Using docker-compose

Start by creating a ‘docker-compose.yml’ file in an empty directory and copying in the following.

version: "3"

services:
   db_node_domain:
     image: mysql:5.7
     volumes:
       - db_data:/var/lib/mysql
     restart: always
     environment:
       MYSQL_ROOT_PASSWORD: PASSWORD
       MYSQL_DATABASE: wordpress
       MYSQL_USER: wordpress
       MYSQL_PASSWORD: PASSWORD
     container_name: wordpress_db

   wordpress:
     depends_on:
       - db_node_domain
     image: wordpress:latest
     expose:
       - 80
     restart: always
     environment:
       VIRTUAL_HOST: blog.DOMAIN.TLD
       WORDPRESS_DB_HOST: db_node_domain:3306
       WORDPRESS_DB_USER: wordpress
       WORDPRESS_DB_PASSWORD: PASSWORD
     container_name: wordpress
volumes:
    db_data:

networks:
  default:
    external:
      name: nginx-proxy

Again, take note of the expose and environment: VIRTUAL_HOST options within the file. Also, the networks option at the bottom is necessary to allow this container to “speak” with nginx-proxy.

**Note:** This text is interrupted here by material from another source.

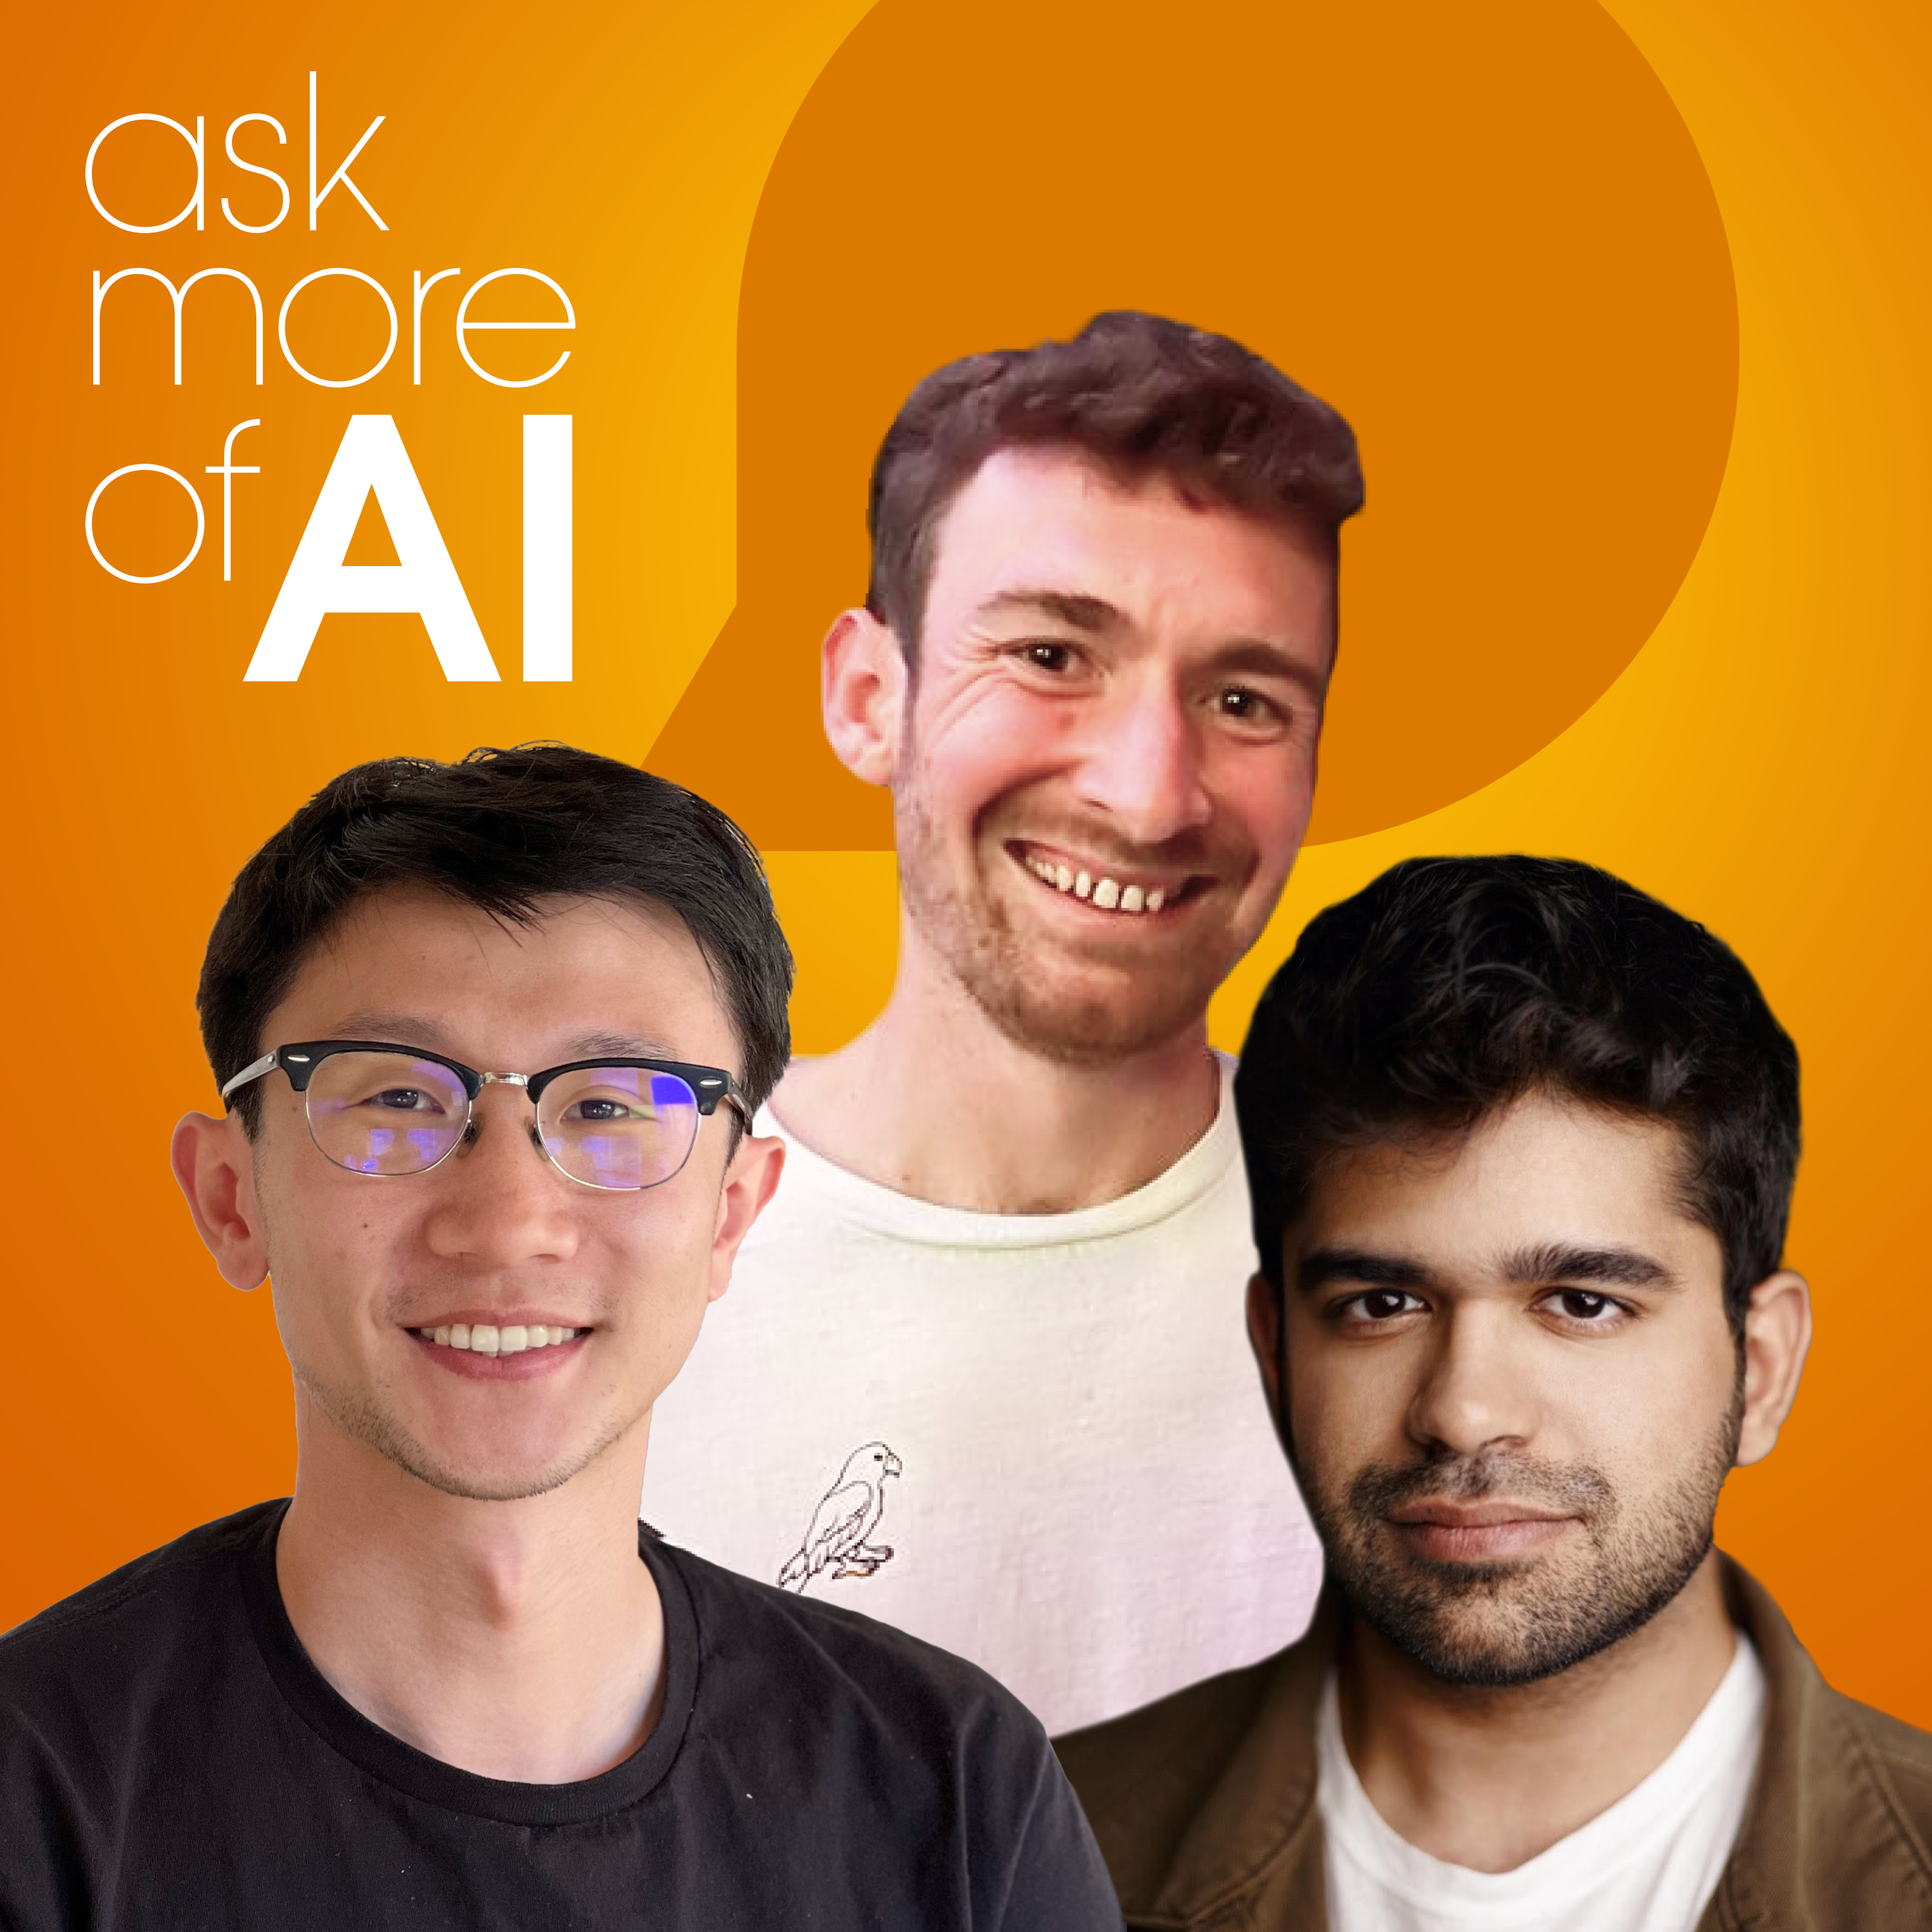 Workflows & Tooling to Create Trusted AI  | Ask More of AI with Clara Shih

You will also want to change passwords for the MySQL database itself, and for the WordPress user that accesses said database. WordPress will create a new password for your WordPress administrator account automatically during the set-up process.

Once the configuration file is finalized, you can run the docker-compose up -d command.

Step 3. Visiting your new WordPress site and adding more

At this point, you need to configure your domain’s DNS settings to point toward the IP address of your VPS. If you set up your blog on blog.DOMAIN.TLD, create an A record for that subdomain and point it to the same IP address.

With your DNS set up correctly, you should be able to visit blog.DOMAIN.TLD and see the famous 5-minute WordPress installation! Congratulations!

You can now boot up any other Docker containers, such as another WordPress site or any other type of app/service, and nginx-proxy will take care of the rest.

One caveat for multiple WordPress installations

If you are going to host multiple WordPress blogs using this method, you need to create a unique database name for each instance. By doing so you that WordPress A connects to MySQL A, WordPress B connects to MySQL B, and so on.

See the line just under services? The one that reads db_node_domain? That’s the name of your container. You can pick any naming scheme you’d like, but each instance needs to have a different name.

Once you’ve chosen a name, you need to update two other fields. First:

depends_on:

  - db_node_domain

And second:

WORDPRESS_DB_HOST: db_node_domain:3306

Additional resources to host multiple websites

Of course, be sure to check out the extensive documentation for nginx-proxy to learn more about how you can configure some more complex proxies between Docker and Nginx, such as those using SSL, with multiple ports, or multiple networks.

We haven’t tested it out yet, but there’s a “companion” to nginx-proxy called letsencrypt-nginx-proxy-companion that allows for the creation/renewal of Let’s Encrypt certificates automatically directly alongside the proxy itself.

Just another example of the really cool things that you can do with Docker!
Thanks much to our sharp-eyed reader John! He pointed out how we can improve our docker-compose files by creating unique database names for each instance of WordPress!